# internal cables, why are they exposed under BB?



## slcpunk (May 28, 2008)

2013 Tarmac SL4 frame ( and others too, pretty sure ).

So the cables are all nicely inside the frame, but right under the BB, they are exposed _to the cable_ such that they can get all dirty -- and in the dirtiest spot! 

Is that opening there just because it would be impossible to route them without it?
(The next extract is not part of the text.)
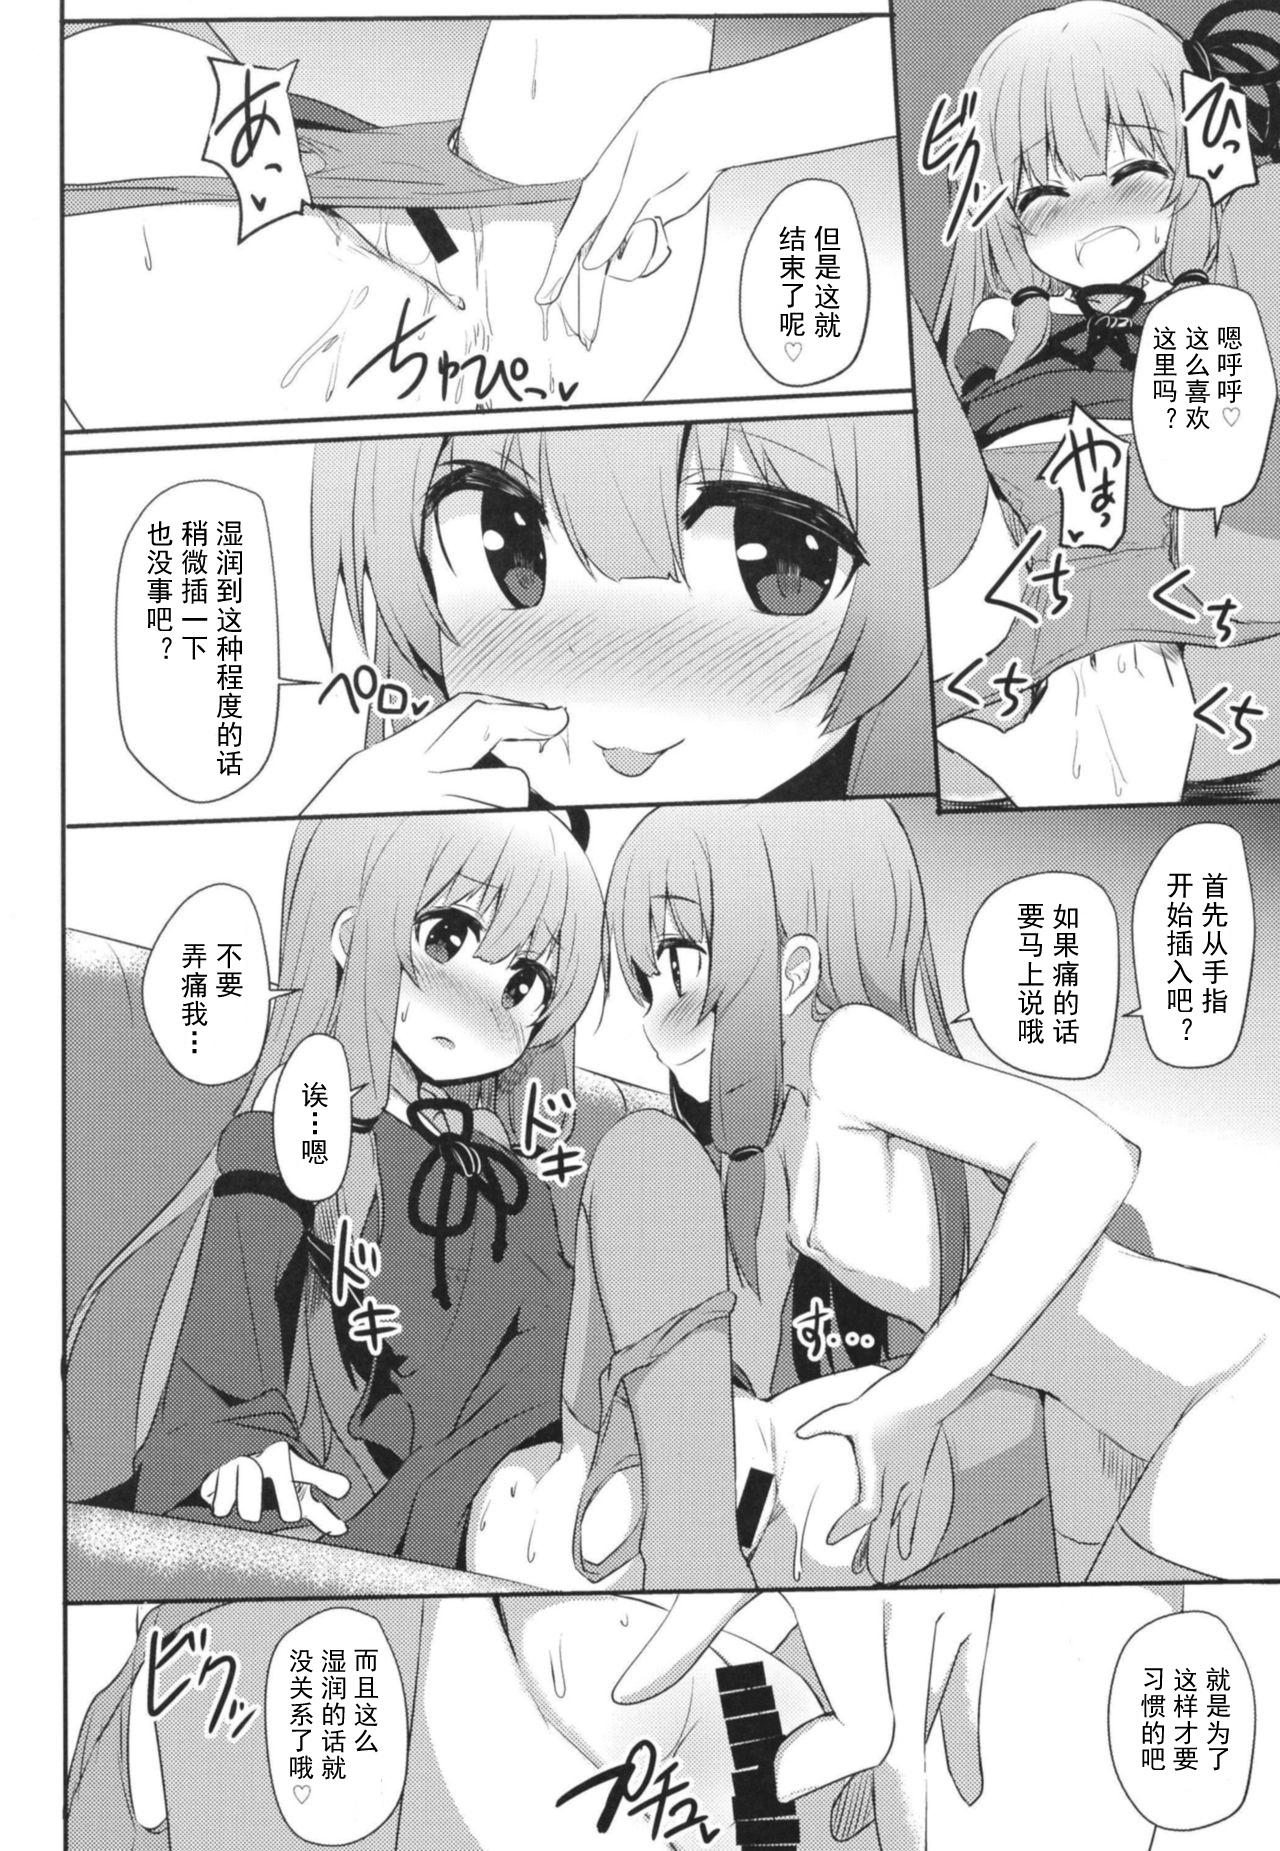 Selfie [Milk Pudding (Jamcy)] Akane-chan Challenge! 4-kaime (VOICEROID) [Chinese] [古早个人汉化] [Digital] - Voiceroid Loira - Page 6

Why isn't there a little plastic cover to keep it all clean?

Am I over thinking it?


----------



## Merc (Oct 9, 2011)

I've thought the same.


----------



## roadworthy (Nov 11, 2011)

slcpunk said:


> 2013 Tarmac SL4 frame ( and others too, pretty sure ).
> 
> So the cables are all nicely inside the frame, but right under the BB, they are exposed _to the cable_ such that they can get all dirty -- and in the dirtiest spot!
> 
> ...


A pretty common construction because:
a. water drainage
b. biggest reason....as you state, how could you route the cable through the down tubes and the rear chainstay without an opening below the BB? Pretty hard to do. Yes the cable guide could be countersunk and place a door over it. Virtually all modern carbon road bikes have the cable guide exposed under the BB even with external cable routing.


----------